Также неуместно пытаться отождествить восприятие в его тотальности с каким-то конкретными способностями, такими, как воображение или разум. Ибо, в конце концов, значение слова «воображение» в конечном счете должно быть каким-то образом ограничено его имплицитной ссылкой на способность создавать мысленные образы. И значение слова «разум» также некоторым образом ограничено его ссылкой на способность развивать дискурсивные проявления «рацио» или рационального мышления. На мой взгляд, и Кольридж, и Гегель склонны замещать первичным источником творения и возникновения в человеческом существе в целом что-то довольно ограниченное в своих значениях, например, воображение или разум.

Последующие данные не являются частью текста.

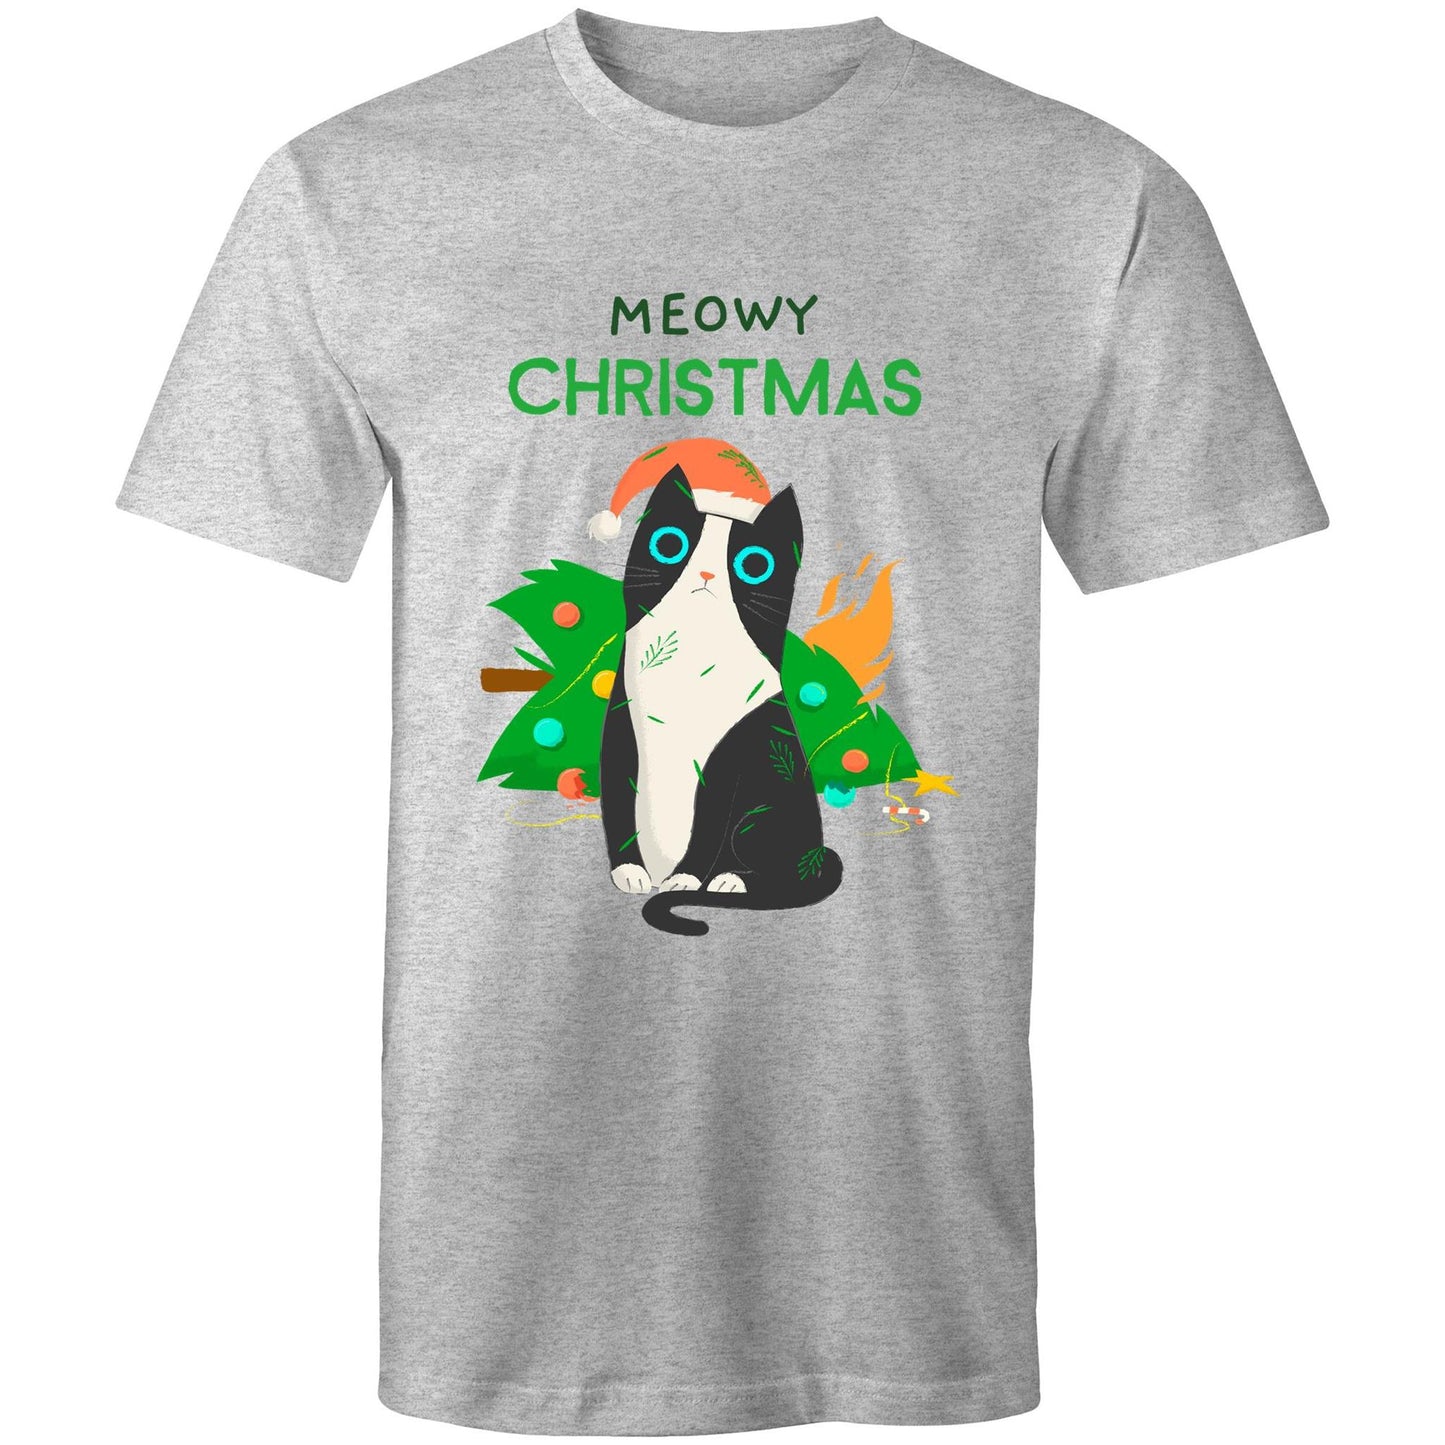 Meowy Christmas - Mens T-Shirt Grey Marle Christmas Mens T-shirt Merry Christmas

Я скорее предположил бы, что акт восприятия, рассматриваемый как тотальность, которая еще не дифференцирована, находится ближе к этому источнику. Ибо происхождение этого акта, очевидно, должно быть внутренне неизвестным и неопределимым, не поддающимся приписыванию какой-либо особой способности, которая может иметь отношение к восприятию. (Это, конечно, означает, что восприятие в его тотальности не может быть в конечном счете объяснено в терминах какой-либо теории, научной или иной, потому что каждая теория сама является формой инсайта и, следовательно, просто особым видом восприятия)
Другая сторона действия ума обозначена словом «мысль». Учитывая, что теперь это слово относится к тому, что в терминах Кольриджа можно было бы назвать «полюсом ментального процесса, противоположным интеллекту», мы отмечаем, что в мышлении такие аспекты, как повторение, идентичность и стабильность - вот чему уделяется первостепенное внимание. На корни мысли действительно указывают все употребления префикса «ре», означающего «обернуться» и «вернуться снова». Таким образом, вечная смена дня и ночи или времен года должна производить глубокое впечатление на ум человека. Задолго до того, как он мог сознательно думать об этом предмете, вся деятельность ума должна была быть устойчиво настроена на это повторение, так что, например, ожидание смены дня и ночи стало постоянной чертой его мышления. Точно так же,  когда люди постоянно повторяли определенные операции, сознательно или нет, они фиксировали в их сознании как привычные реакции. В самом деле, даже самые абстрактные операции, выполняемые сегодня, такие как те, которые используются в математике, вскоре приводят к сходным реакциям, так что опытный математик имеет большую часть своих знаний «на кончиках пальцев» в форме, которая практически не требует сознательного участия  внимания.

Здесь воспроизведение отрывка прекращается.